Nick Brooks, secrétaire général de Allrail

Nick Brooks, secrétaire général de Allrail

Mis à jour le 25 mars 2021

Les opérateurs ferroviaires européens réunis au sein de l’association Allrail réagissent à la demande d’un soutien public formulée par la SNCF pour sa filiale Eurostar en très mauvaise posture avec la chute du trafic liée à la pandémie. Le secrétaire général de Allrail, Nick Brooks, explique à VRT la position de son association qui réclame notamment la possibilité d’accéder aux rames TGV d’occasion de la SNCF si Eurostar obtient une aide publique.

Ville, Rail & Transports. Pourquoi vous mobilisez-vous contre l’aide demandée par la SNCF pour sa filiale Eurostar ?

Nick Brooks. Nous ne nous mobilisons pas uniquement contre une aide qui serait apportée à Eurostar. Nous avons déjà eu exactement la même attitude à propos de l’aide d’Etat Covid-19 proposée à l’opérateur ferroviaire historique allemand Deutsche Bahn. En tant qu’association européenne, nous surveillons toute l’Europe.
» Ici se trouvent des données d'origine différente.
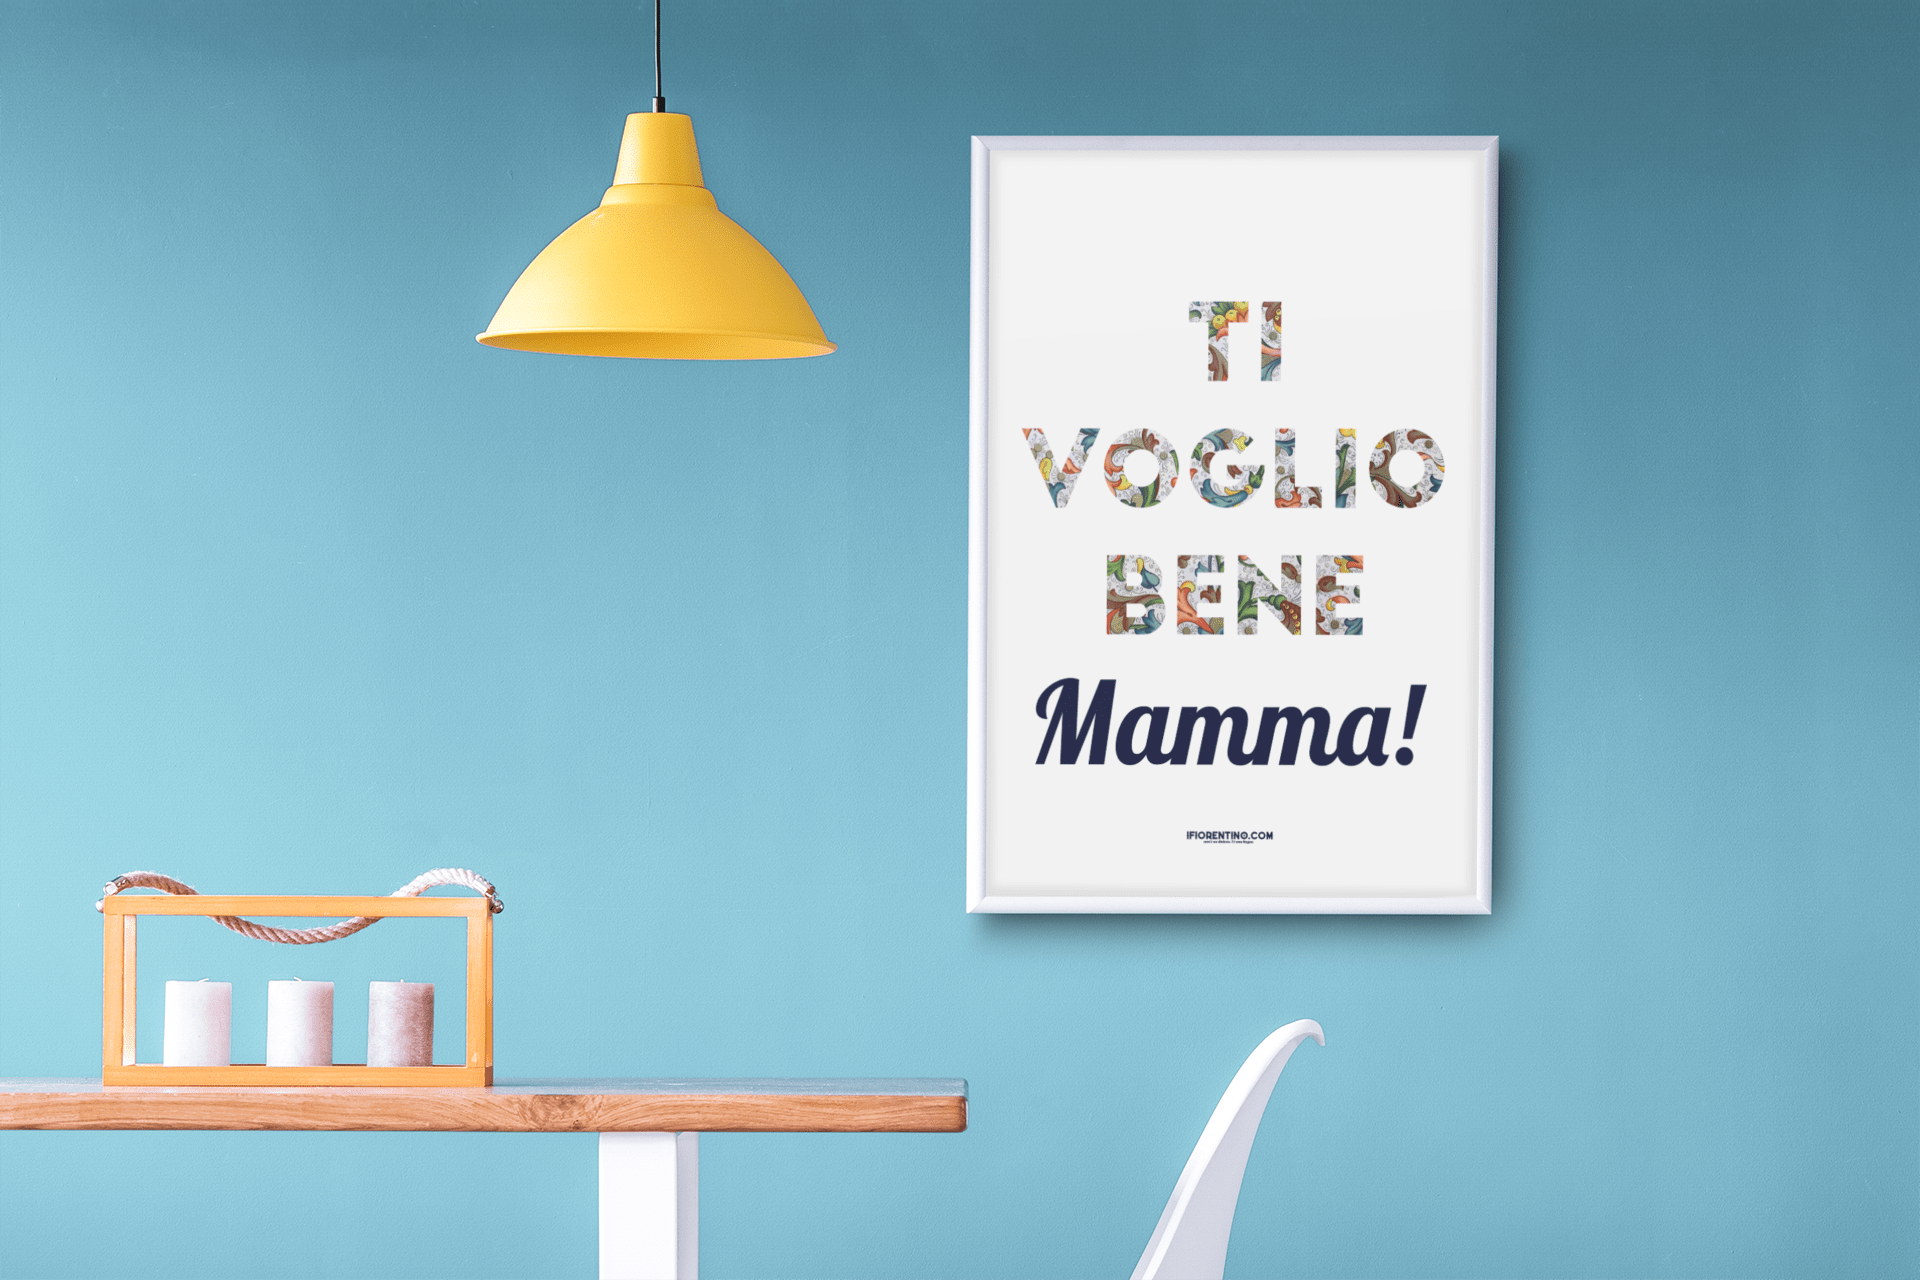 TI VOGLIO / VOGLIAMO BENE MAMMA! con CARTA FIORENTINA - poster fiorentini - poster firenze - regalo fiorentino - fiorentino  - foppeddittelo

Notre point de vue, c’est que si un opérateur monopolistique tel que Eurostar reçoit une aide d’Etat sans aucune condition, il est probable que l’argent sera acquis et que tout redeviendra comme avant. Autrement dit, Eurostar restera le seul opérateur à circuler à travers le Tunnel sous la Manche pour les 20 à 30 prochaines années, avec les prix les plus chers d’Europe.

Le transfert modal en faveur du transport ferroviaire de voyageurs entre le Royaume-Uni et le reste de l’Europe ne se produira tout simplement pas. Les aides ne devraient pas être utilisées pour protéger un tel modèle et lui permettre de se maintenir à long terme.

C’est pourquoi la Commission européenne souhaite qu’il soit possible de faire des recours lorsqu’on aide des entreprises dominantes à surmonter la crise sanitaire. Il faut en effet garantir que l’ouverture du marché n’est pas menacée. Ni tuée.

Nous sommes convaincus que c’est l’ouverture du marché qui permettra le report modal en faveur du rail sur longue distance et qui aidera à atteindre les objectifs environnementaux du Green Deal.

On le voit en Italie : depuis que l’opérateur privé à grande vitesse NTV Italo est arrivé en 2012 sur le marché domestique face à l’opérateur historique FS Trenitalia (par exemple entre Rome et Milan), l’innovation et la qualité de service ont progressé, tandis que les tarifs ont chuté en moyenne de 40 %. Résultat, le trafic passagers a fait un bond de 108 % dans la grande vitesse italienne entre 2011 et 2019. Le Tunnel sous la Manche a également besoin de cette croissance, mais cela ne proviendra pas d’un seul opérateur.

VRT. Que vous répondent les gouvernements français et britannique que vous interpellez ?

N. B. Nous avons consulté les deux gouvernements pour demander des mesures correctives en matière de concurrence pour Eurostar dans le cas des aides d’Etat (pas seulement cette semaine mais au cours des derniers mois) mais nous n’avons pas encore obtenu de réponses.

VRT. Pourquoi demander l’accès aux rames à grande vitesse d’Eurostar ?

N. B. S’il y a des aides d’Etat en faveur d’Eurostar, il y aura un risque réel qu’un seul opérateur aux prix élevés soit protégé pendant les 20 à 30 prochaines années. Pourquoi aussi longtemps ? Le Tunnel sous la Manche a des exigences de sécurité particulières et seuls certains trains à grande vitesse spécialement équipés peuvent l’utiliser.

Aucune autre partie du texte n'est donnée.